A hospital trust has been criticised by a powerful Westminster committee for deliberately manipulating its waiting lists.

The Public Accounts Committee said Surrey and Sussex NHS Trust was among nine trusts which had undermined public confidence.

The trust is responsible for both Crawley and Horsham hospitals and East Surrey Hospital in Redhill.

The committee launched an investigation in the wake of a damning National Audit Office report on the fiddling of waiting lists last year.

The investigation suggested 6,000 patients suffered from "deliberate manipulation" of lists.

Investigations uncovered patients being left off waiting lists and inappropriate suspensions from the lists.

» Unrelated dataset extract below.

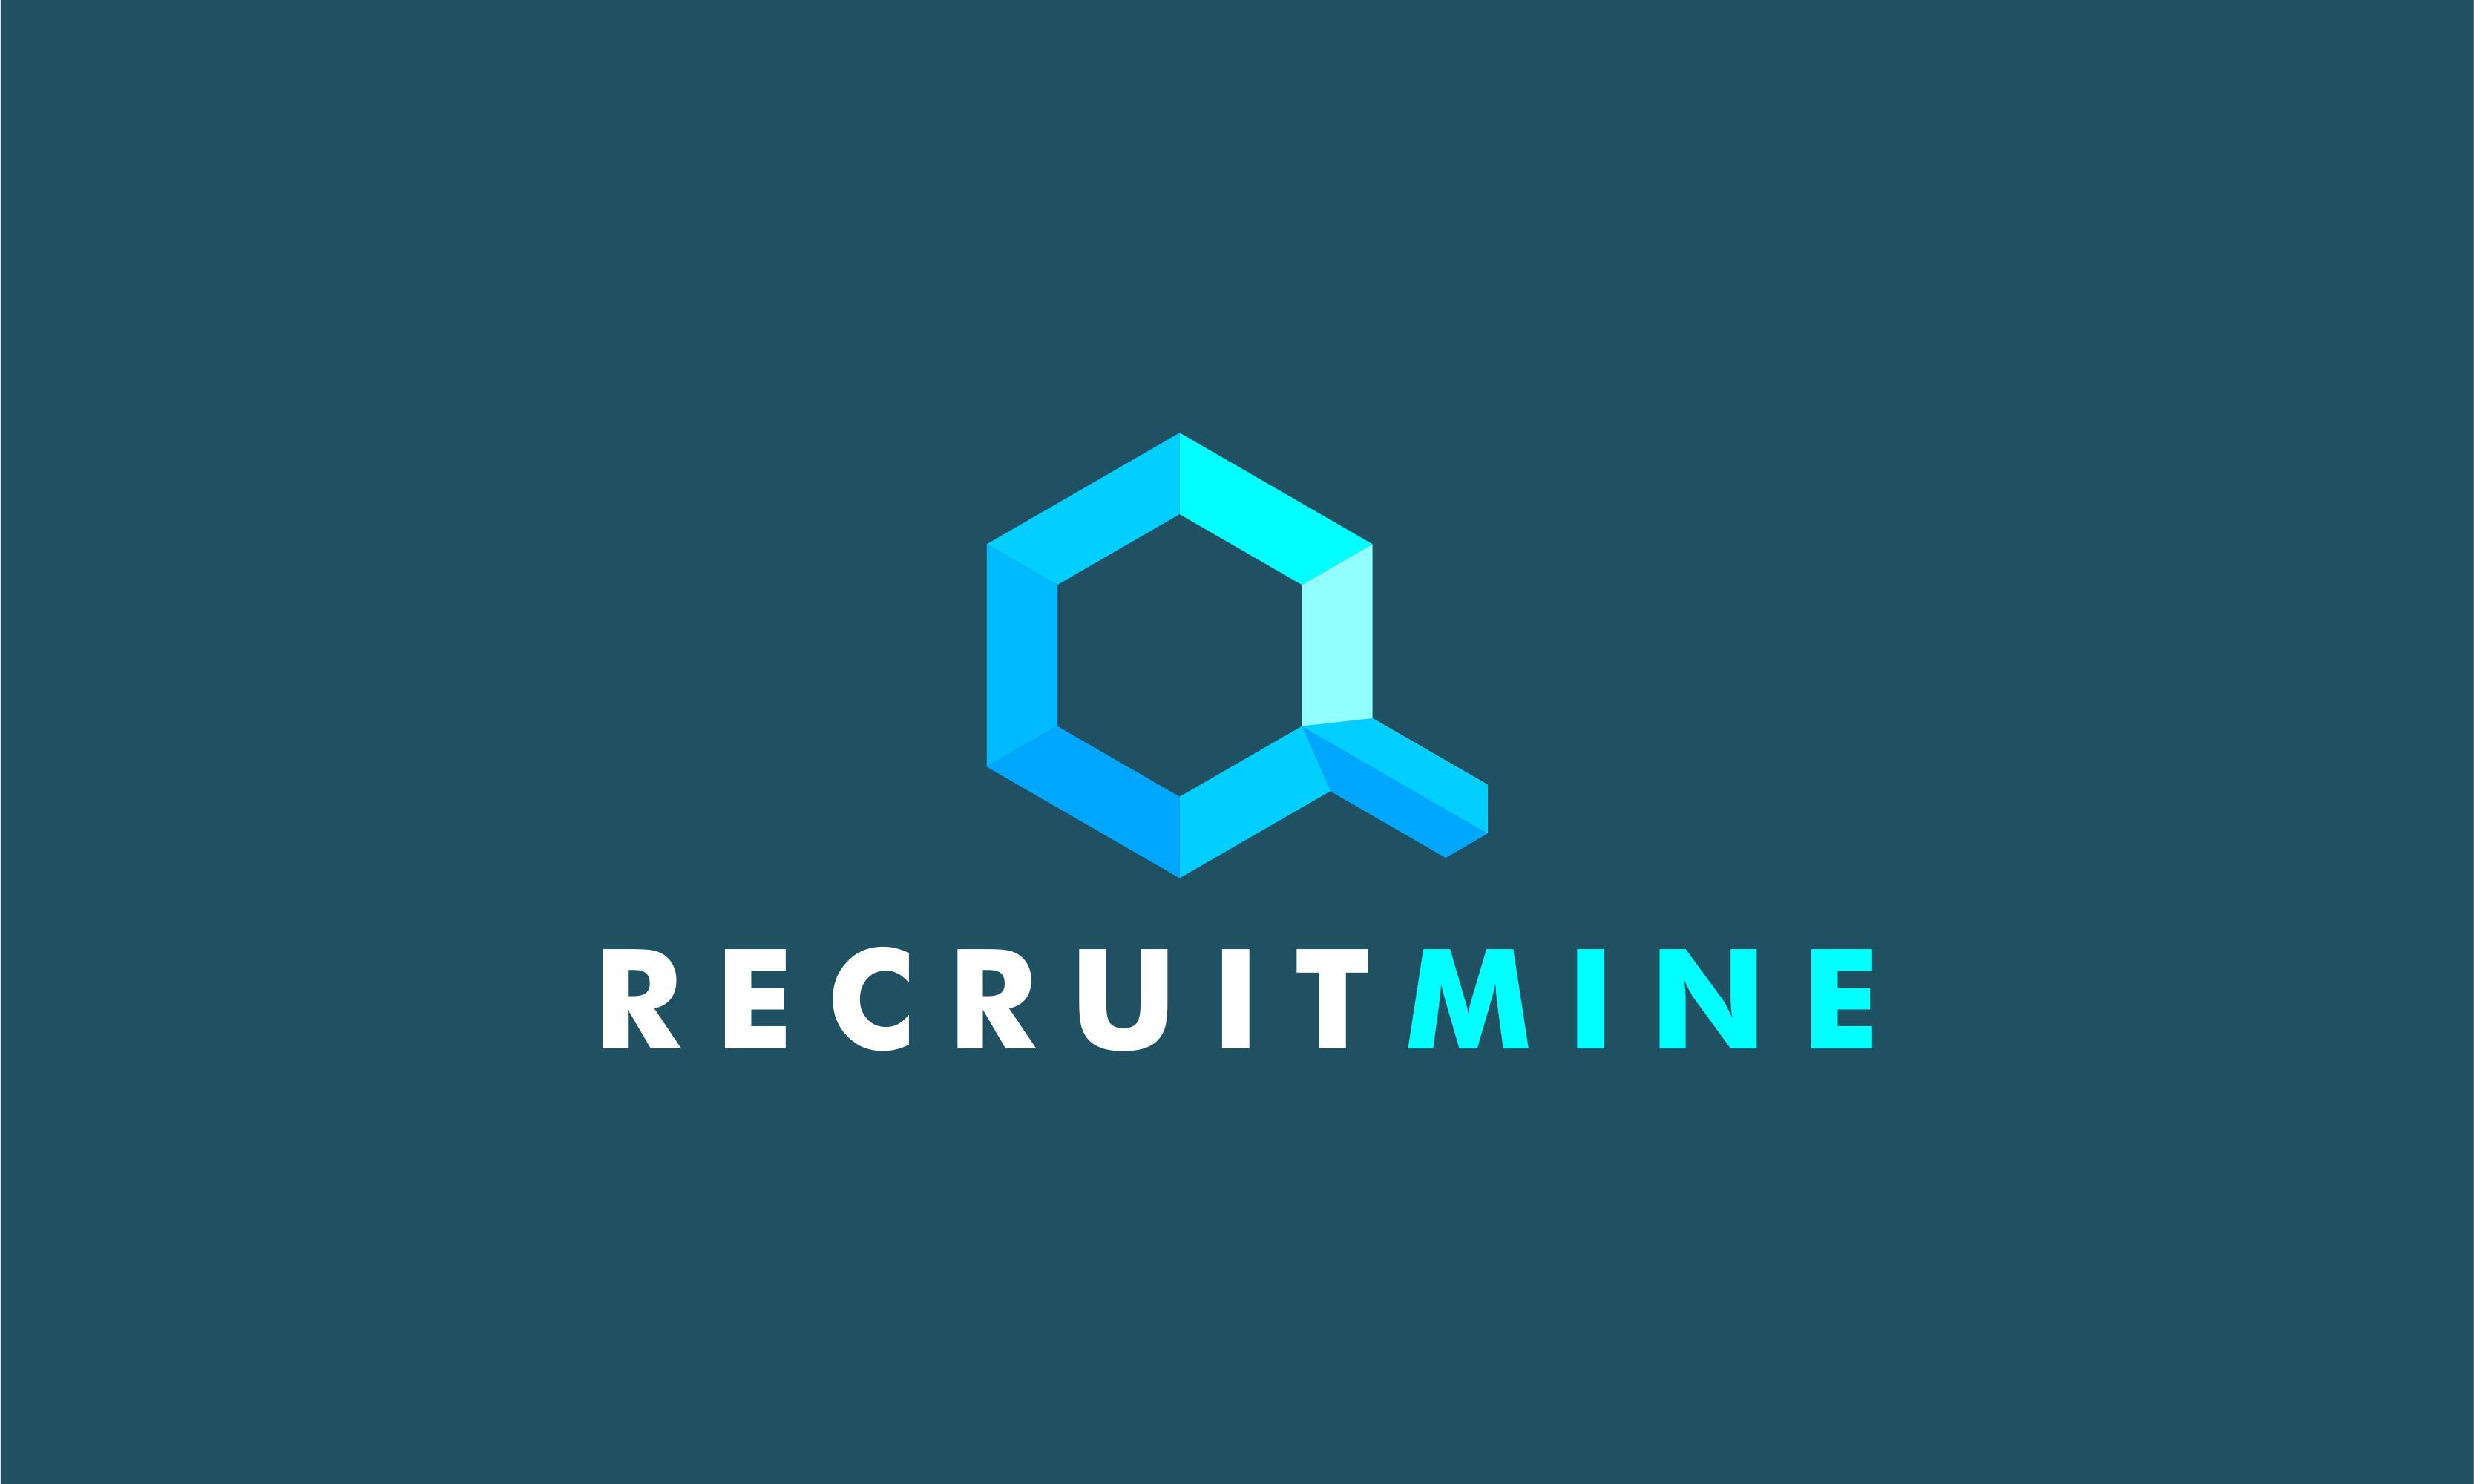 RecruitMine

Patients were also offered admission dates while away on holiday and were given non-existent short notice admission dates.

The committee also attacked the way the NHS responded to the scandal.

It criticised the £95,000 pay-off given to the trust's former chief executive Isobel Gowan when she left after failing to meet waiting list targets.

This included a "gagging clause" and no "clawback" provision for getting the money back if the former chief executive landed another NHS job.

However, the MPs acknowledged the trust did later consider recovering part of the payment and got £7,500.

Concerns over the waiting list figures came to light following the departure of Mrs Gowan and the appointment of her replacement Ken Cunningham in 2000.

In 1998, the trust had bucked all expected trends by announcing the number of patients awaiting treatment had fallen.

Mr Cunningham discovered discrepancies in the figures and asked the NHS South East Regional Office to investigate.

The investigation was followed by a report by the National Audit Office which found "almost all of the reduction of 1,800 in the waiting list during 1998-9 was achieved through non-legitimate means."

It also suggested Mrs Gowan should take responsibility for the mismanagement and false reporting of waiting lists.

The inquiry reported that in 1998 about 700 patients had been deliberately held back from being put on the waiting list with only urgent patients being put in the queue.

It also found 300 patients who were due to be transferred to another hospital within the trust also failed to be put on the waiting list and hundreds of patients were taken off the list unnecessarily.

The report suggested hospital staff would contact patients awaiting treatment to find out when they were planning to go on holidays.

Those patients would then be telephoned again and deliberately offered care during that period.

Others were offered non-existent appointments at very short notice.

In each case, if patients declined the dates on offer they would be suspended from or taken off the waiting list.

The trust has now carried out a full revamp of its waiting list policy and procedures and a new management team has been set up.

It says it has put all the necessary measures in place to ensure nothing like this can ever happen again.

Conservative MP Edward Leigh, the committee chairman, said deliberate manipulation of waiting lists by the nine trusts had undermined public confidence in the NHS.

He said: "There is more and more pressure being put on officials. They are worried they are going to get their knuckles rapped and this is what happens."

The Government has introduced a new code of conduct for NHS managers in the wake of the scandals.

It forbids any manipulation of waiting lists in order to meet ambitious government targets.

Nigel Crisp, chief executive of the NHS, admitted in some cases trusts had struck compromise deals with managers found to be manipulating the lists.

But he said this had not happened in the last year and would never happen again.

He said: "In any future cases where we discover issues of this sort we will deal with them very firmly and very fast and make sure that we have safeguards in place to look after the people involved."

Ministers say that the Audit Commission will in future check figures submitted by hospital trusts.